NCBRC, NACBA and Professor Jay Westbrook provided an amicus brief, authored by NACBA member Allan Gropper, in support of the debtor in this case.
Stephanie Henry filed for chapter 13 bankruptcy ten years after entering into a student loan contract with Wells Fargo’s predecessor. After she successfully completed her five-year plan, Wells Fargo sent her a letter containing language to the effect that it was attempting to collect the remaining debt on the loan. Ms. Henry filed an adversary proceeding alleging violation of the discharge injunction. Wells Fargo moved to compel arbitration in accordance with a clause in the lending agreement under which Ms. Henry agreed to have any complaint “arising under or relating to” the debt settled by arbitration. The bankruptcy court denied Wells Fargo’s motion to compel arbitration on the basis that the cause of action did not arise under or relate to the student loan contract. The court certified the case for interlocutory appeal directly to the Fifth Circuit.
The Fifth Circuit accepted the appeal in order to address the interaction between the Federal Arbitration Act and the Bankruptcy Code, noting that the FAA mandates that arbitration clauses be honored according to their terms. But, the court cautioned, that mandate is not without restriction. Where there is a conflict between the FAA and another federal law, the arbitration mandate may be overridden by “contrary congressional command.”
In addressing whether a conflict exists between the FAA and the Code, the court revisited its precedent, In re Nat’l Gypsum Co., 118 F.3d 1059, 1069 (5th Cir. 1997), which held that a bankruptcy court has discretion to deny a motion to compel arbitration when, 1) the action involves statutory rights conferred by the Bankruptcy Code rather than the debtor’s pre-petition rights, or 2) where arbitration would conflict with the purpose of the Code. In National Gypsum, the court found that a bankruptcy court properly declined to enforce an arbitration clause in a discharge injunction case, reasoning that the action involved purely bankruptcy issues as well as the court’s power to enforce its own orders, and arbitration would lead to piecemeal litigation. Wells Fargo argued that the decision in National Gypsum was called into question by the later holding in Epic Systems Corp. v. Lewis, 138 S. Ct. 1612 (2018).
One panel of a circuit cannot overturn a decision of another panel based on an intervening Supreme Court case unless such action is “unequivocally directed” by that intervening case. The court found that that was not the case here. National Gypsum was based on language in Shearson/Am. Express, Inc. v. McMahon, 482 U.S. 220, 226 (1987), where the Court reasoned that Congress’s intent to override the FAA must be “deducible” from the statutory text or legislative history. Epic Systems tightened this language to require a party arguing that the arbitration mandate is overridden by another federal statute must show Congress had a “clear and manifest” intent to displace the FAA.

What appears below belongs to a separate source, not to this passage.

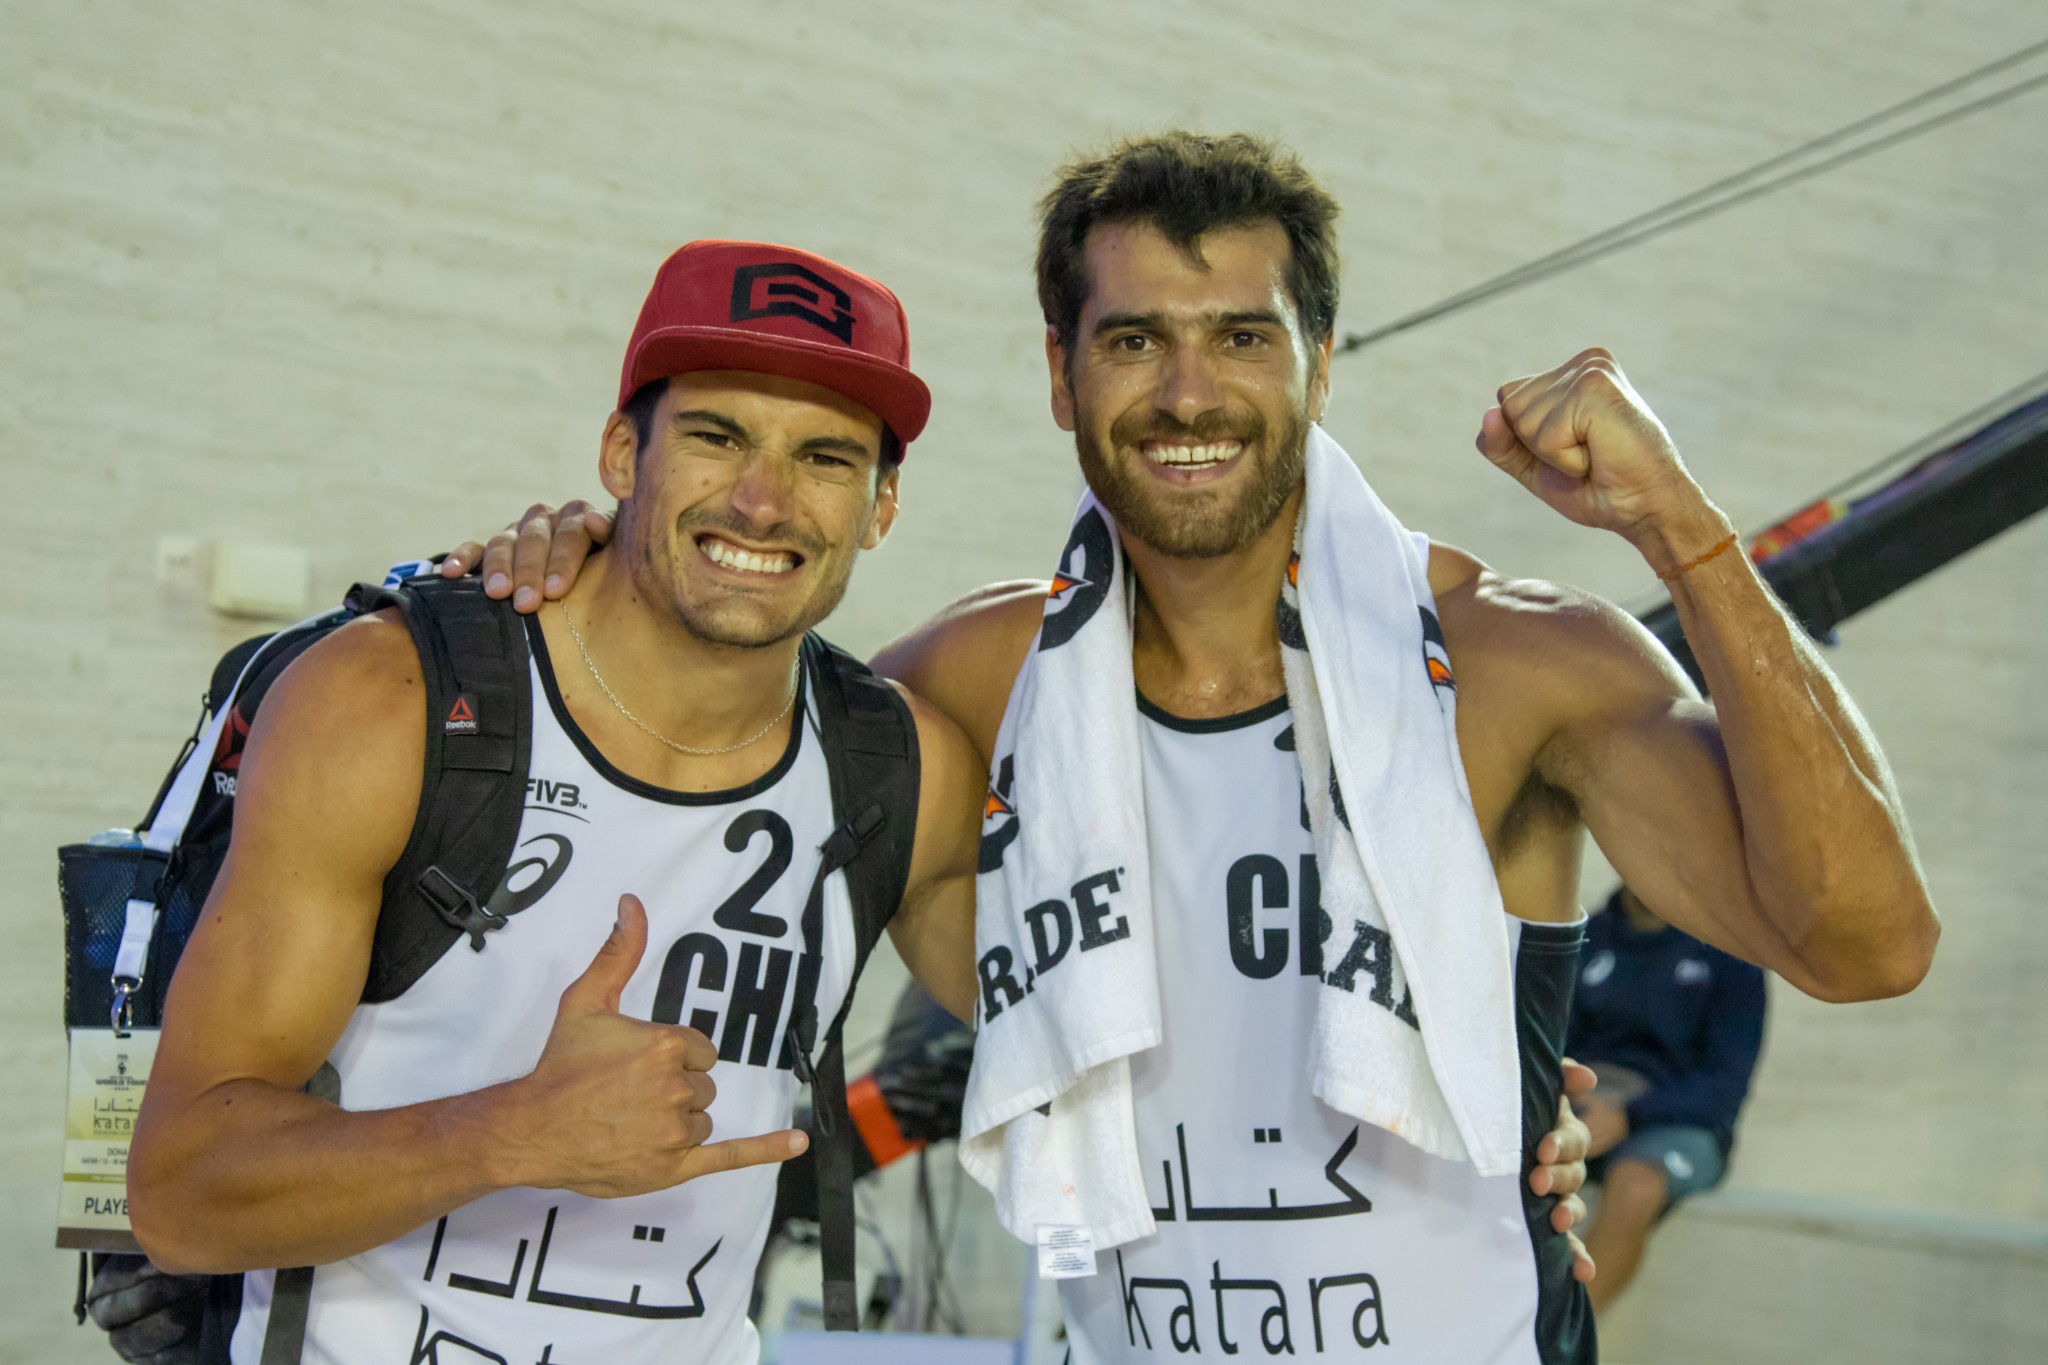 Chilean cousins Esteban and Marco Grimalt are in the final at Doha and seeking their second successive title in the FIVB Beach Volleyball World Tour series ©FIVB

The court here found that the difference between Epic Systems and McMahon was largely one of tone and did not significantly change the test for resolving a conflict between the FAA and other federal law. Moreover, to the extent that Epic Systems overruled McMahon by its comments disapproving the use of legislative history in resolving the question, the court found that that did not likewise undermine the holding in National Gypsum because National Gypsum did not rely on legislative history. The court concluded that National Gypsum remained good law and the bankruptcy court properly exercised its discretion in denying Wells Fargo’s motion to compel. It affirmed.